:: PROVIDED DATA ::
----------
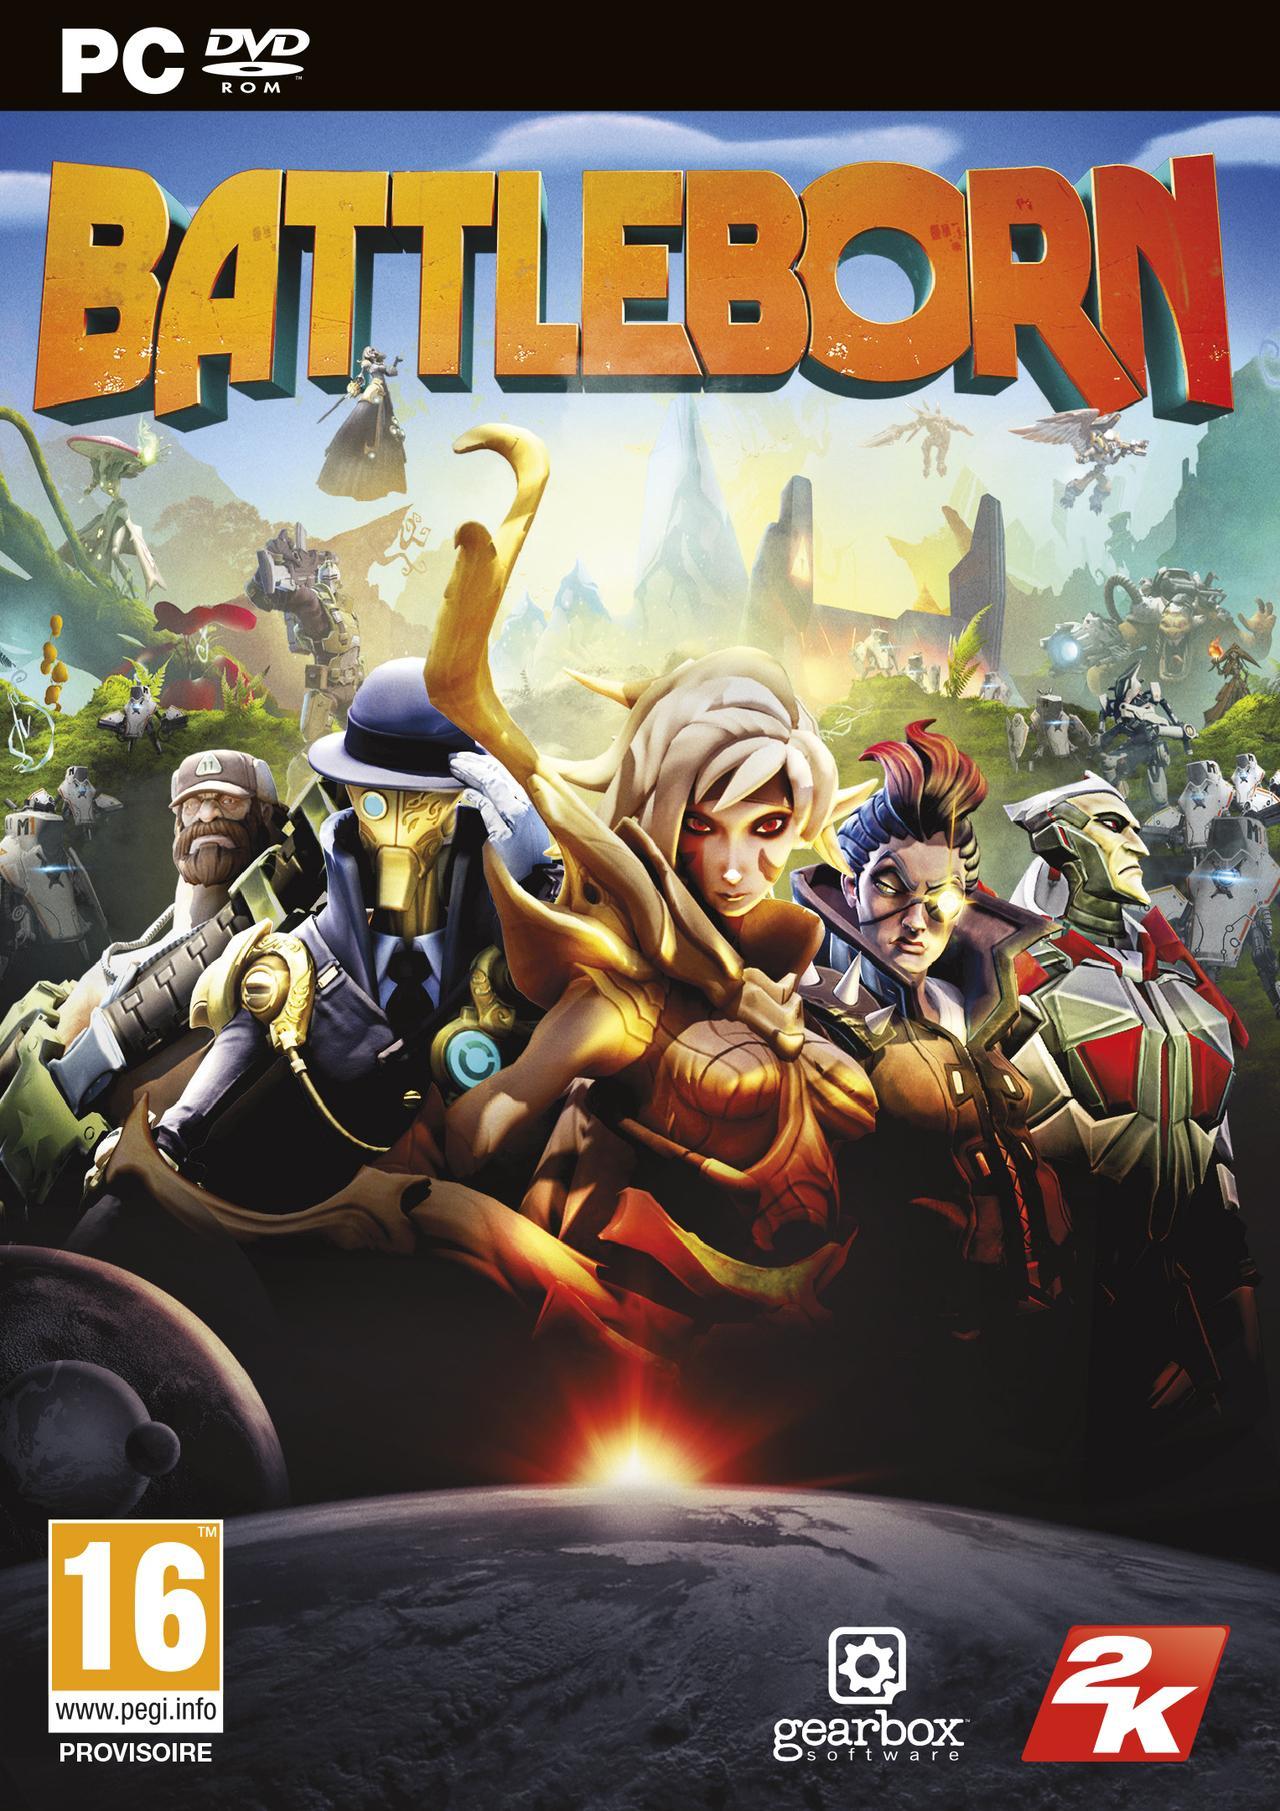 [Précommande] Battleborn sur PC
----------
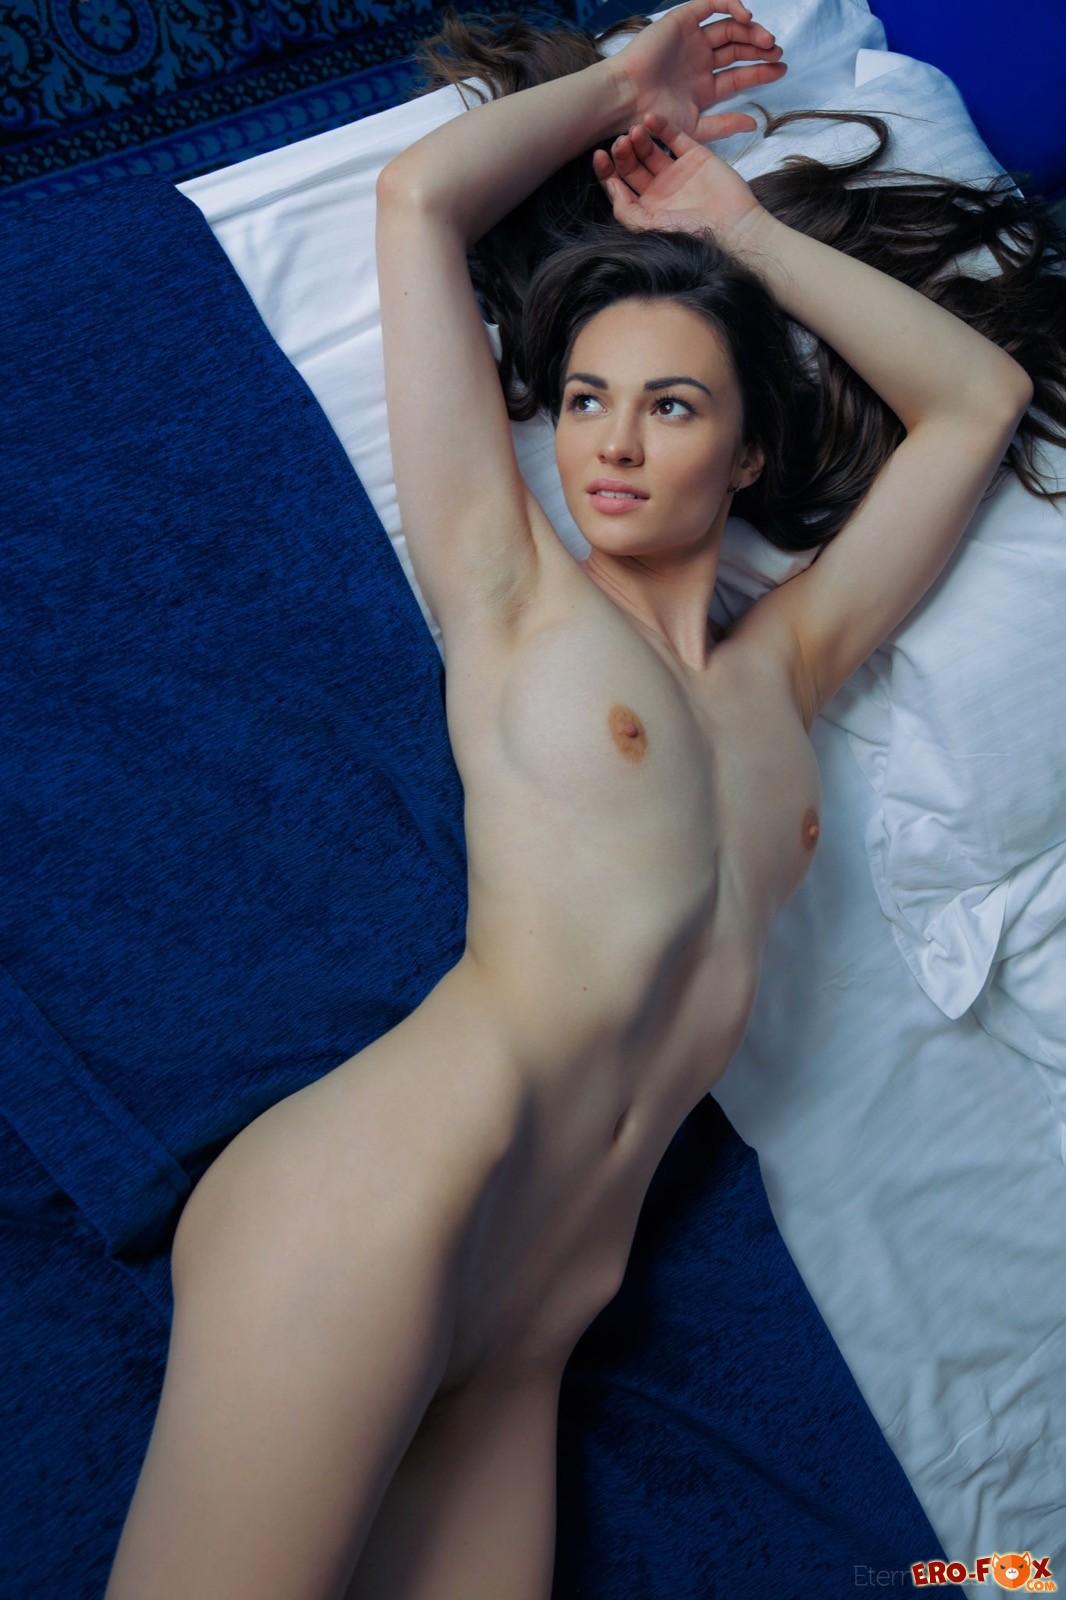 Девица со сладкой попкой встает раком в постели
----------
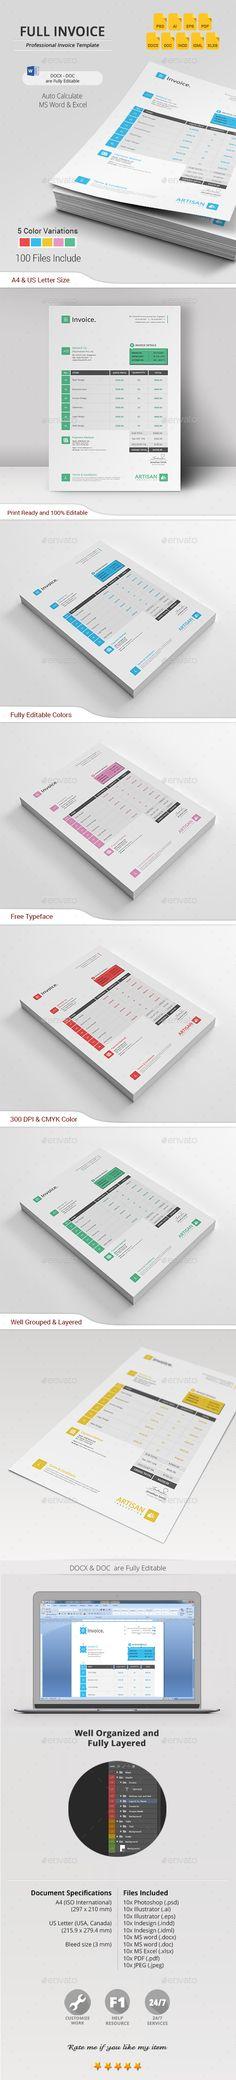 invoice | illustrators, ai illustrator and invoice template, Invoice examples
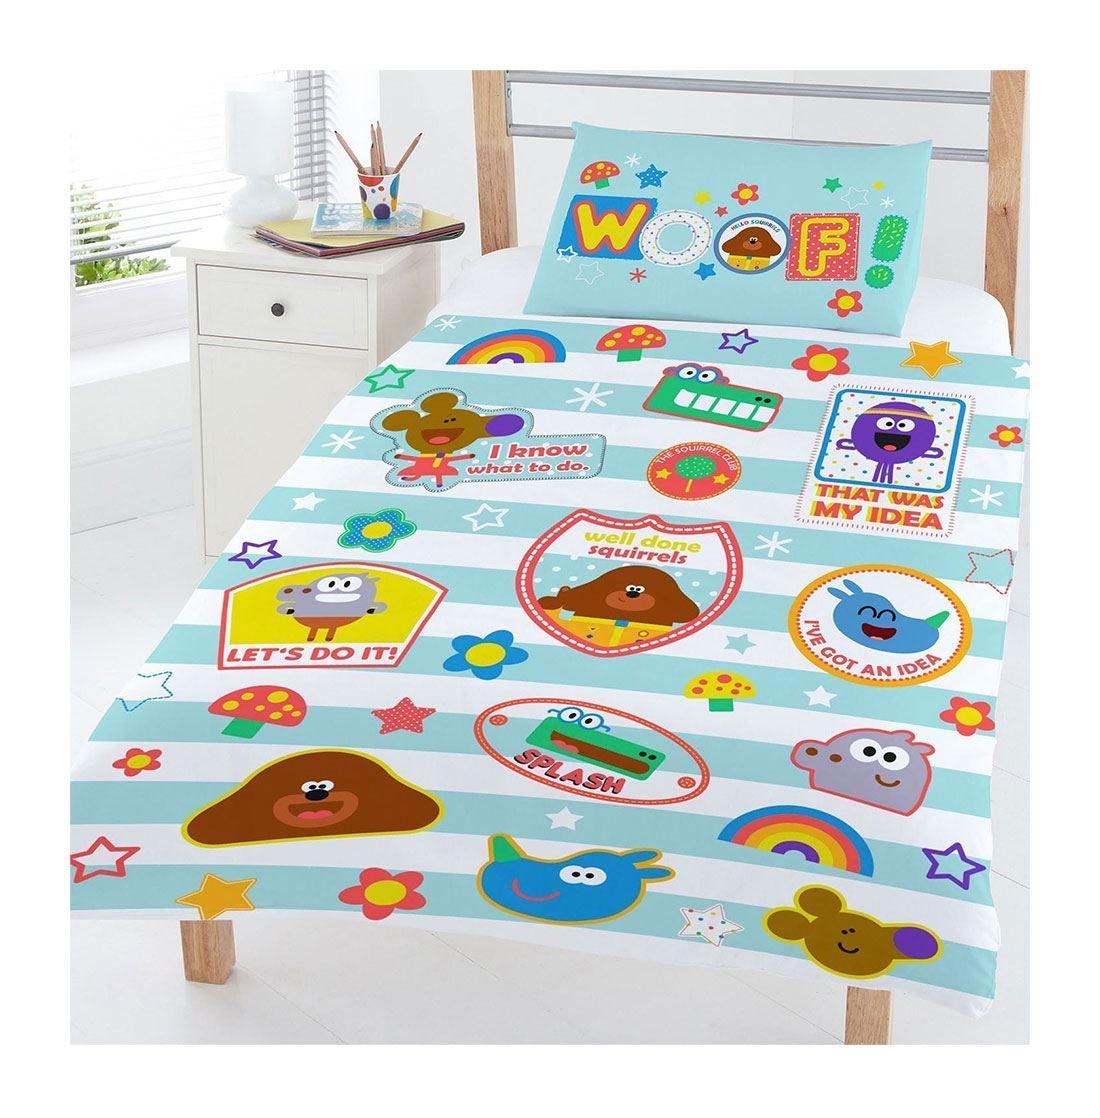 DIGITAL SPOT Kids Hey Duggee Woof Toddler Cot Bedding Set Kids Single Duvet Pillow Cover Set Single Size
----------
Each line above starting at the one holding "invoice | illustrators, ai" and ending at the one holding "DIGITAL SPOT Kids" should be set down exactly as it stands, both ends included, with no pictures.

 invoice | illustrators, ai illustrator and invoice template, Invoice examples
 DIGITAL SPOT Kids Hey Duggee Woof Toddler Cot Bedding Set Kids Single Duvet Pillow Cover Set Single Size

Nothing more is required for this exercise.